Based on the binding judicial precedents, particularly the Supreme Court’s ruling in Checkmate Services and its subsequent application by the Chhattisgarh High Court in BPS Infrastructure and the Bombay High Court in Rohan Korgaonkar, the ITAT Raipur concluded that the payments related to employees’ provident fund contributions made after the due date under the relevant statutes are indeed liable for disallowance. This holds true even if the income tax return was processed under Section 143(1) prior to the pronouncement of the Checkmate Services judgment.

The Tribunal found the decision of the Ld. CIT(A) to be justified and well-reasoned, as it concurred with the view taken by the Supreme Court. Consequently, the assessee’s appeal was dismissed, reinforcing the strict requirement for timely deposit of employee contributions to welfare funds for claiming deductions under the Income Tax Act.

FULL TEXT OF THE ORDER OF ITAT RAIPUR

The captioned appeal of the assessee is directed against the order of Commissioner of Income Tax (Appeal), National Faceless Appeal Centre (NFAC) [in short “Ld. CIT(A)”] u/s 250 of the Income Tax Act, 1961 (in short “the Act”), for the Assessment Year 2018-19, dated 22.12.2021, which in turn arises from the order u/s 154 of the Act, dated 19.12.2019, passed by the Deputy Commissioner of Income Tax, Central Processing Centre(CPC) (for short, “The Ld. AO”).
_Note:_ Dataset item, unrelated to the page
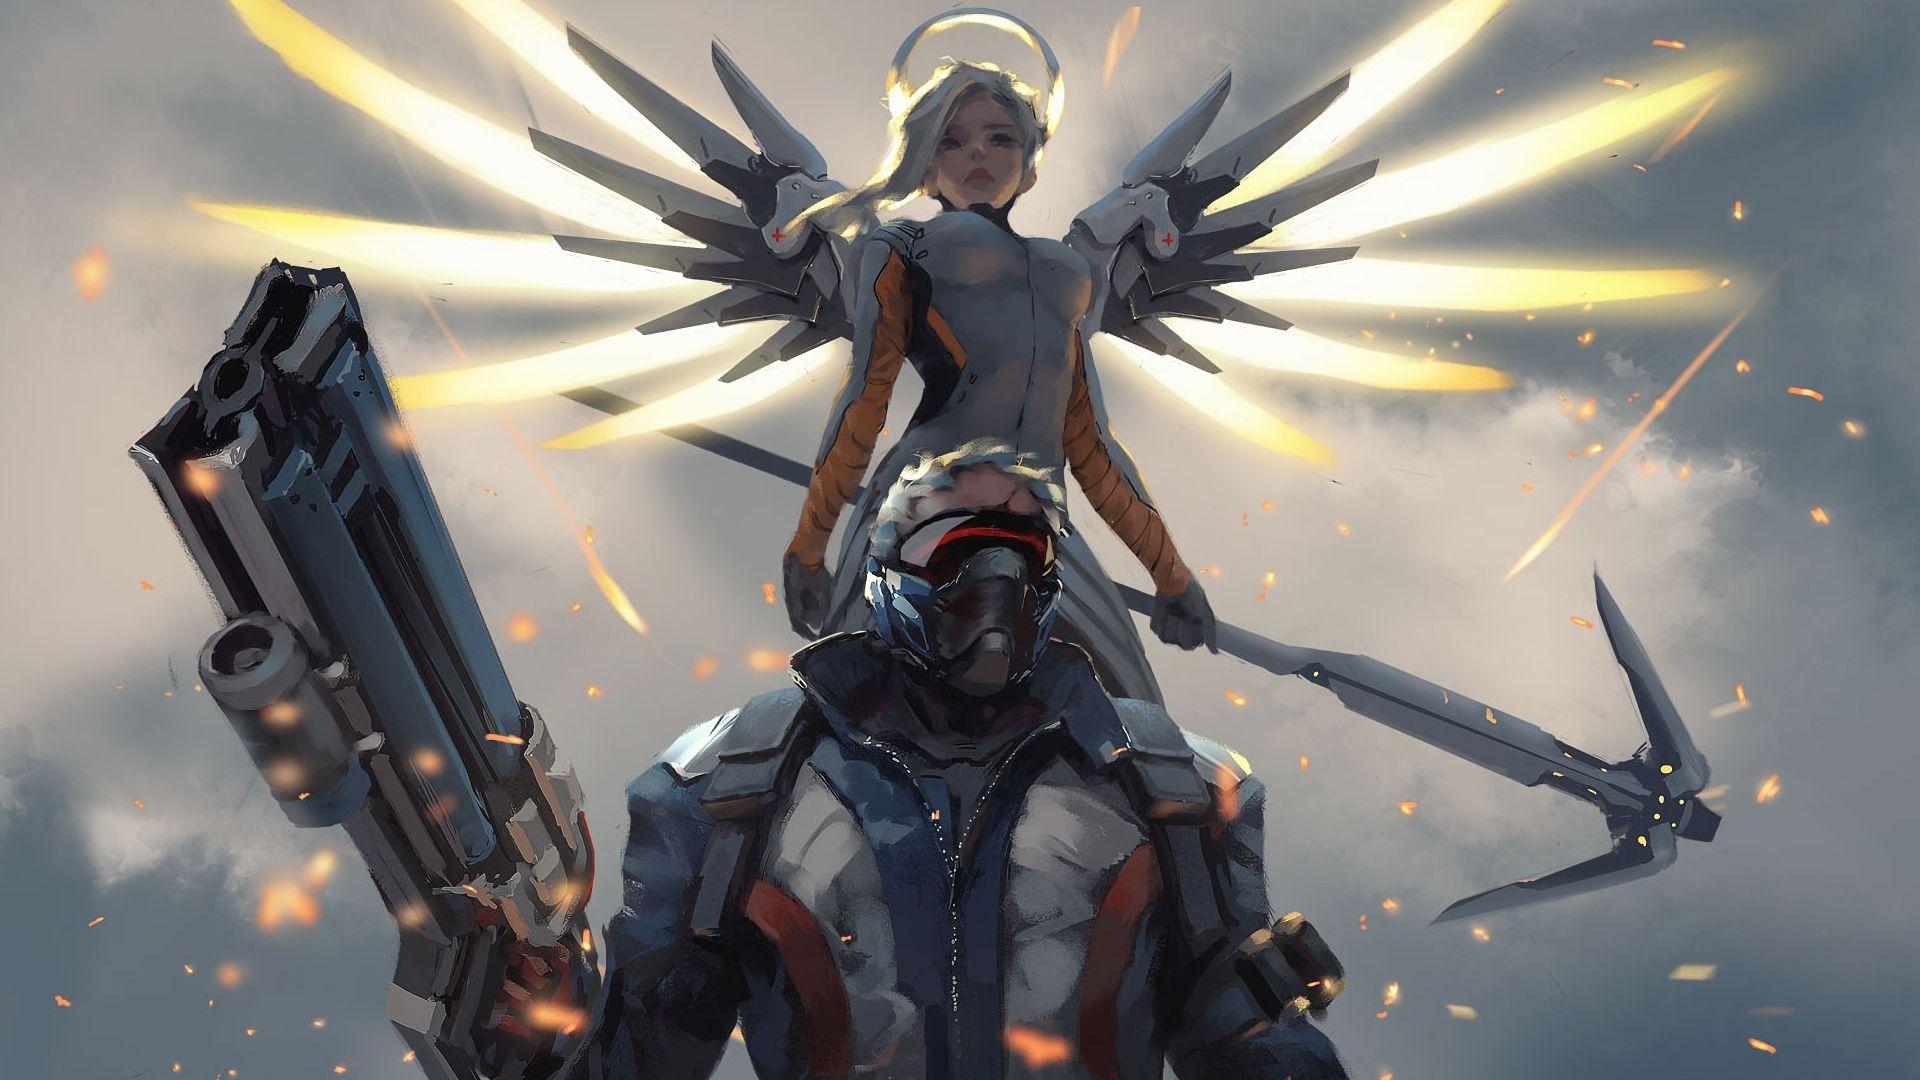 Mercy And Soldier 76 Overwatch 1920x1080 Wallpaper Overwatch Personajes Soldado 76 Overwatch
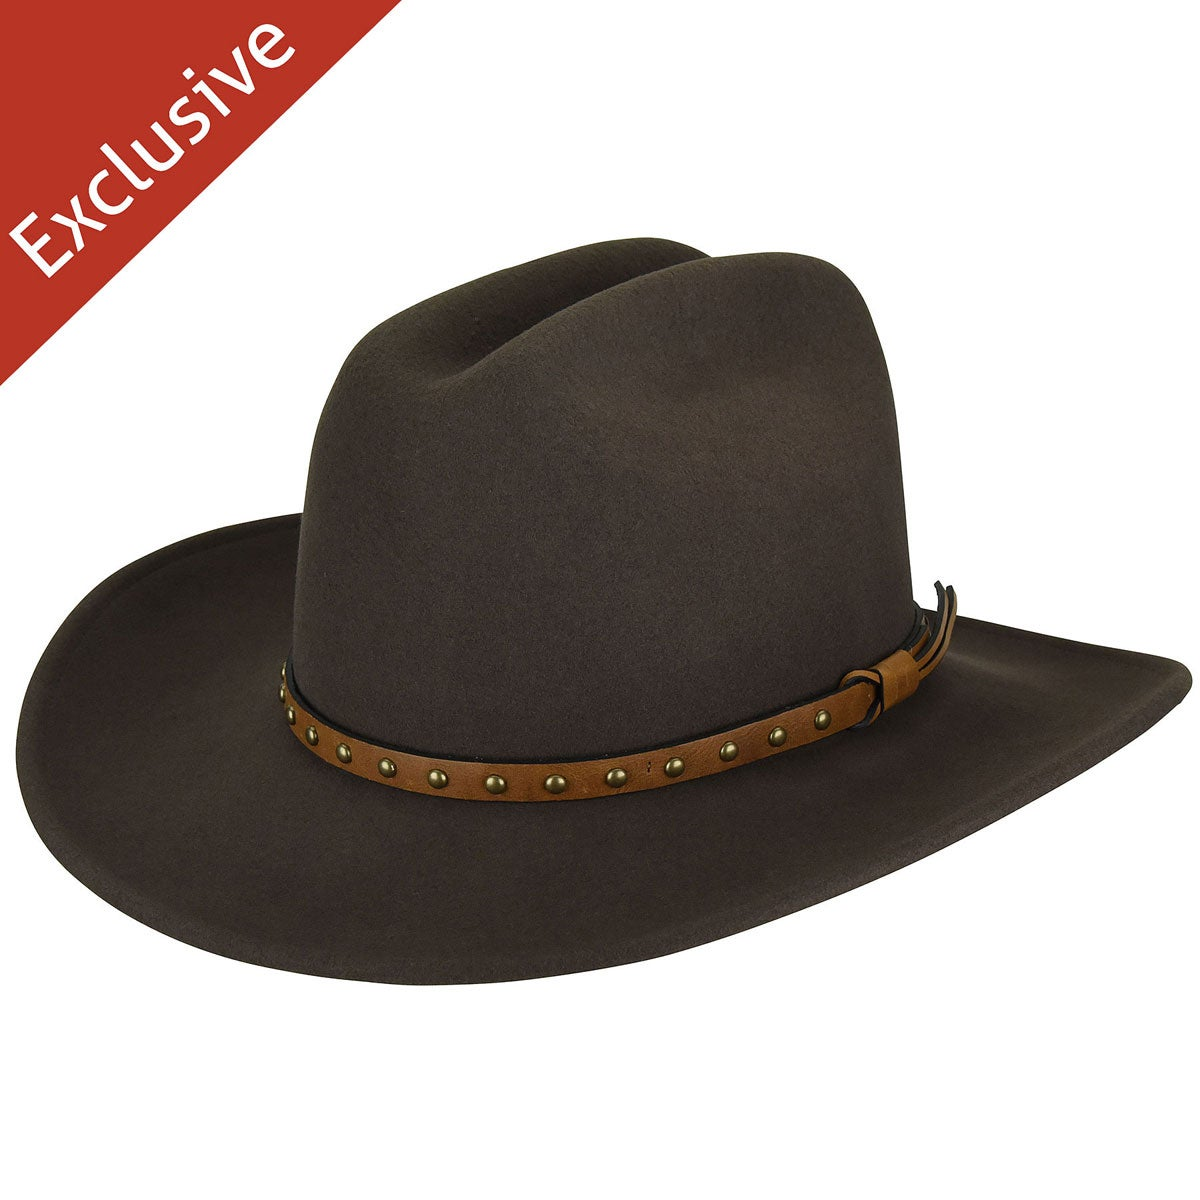 Hats.com Certitude Western Hat - Exclusive in Olive

2. The grounds of appeal along with additional grounds of appeal in present appeal raised by the assessee, reads as under:

1. In the facts and circumstances of the case and in law, the ld. Assessing Officer has erred in determining total income at Rs.7,07,15,109/- by denying deduction of Rs.25,81,110/- claimed u/s 36(1)(va) r.w.s.43B of the Income-tax Act,1961 in respect of amount deposited towards employees contribution to EPF and ESIC.

2. In the facts and circumstances the ld. Commissioner of Income-tax (Appeals) has erred in confirming the order of ld. Assessing Officer.

3. The impugned order is bad in law and in facts.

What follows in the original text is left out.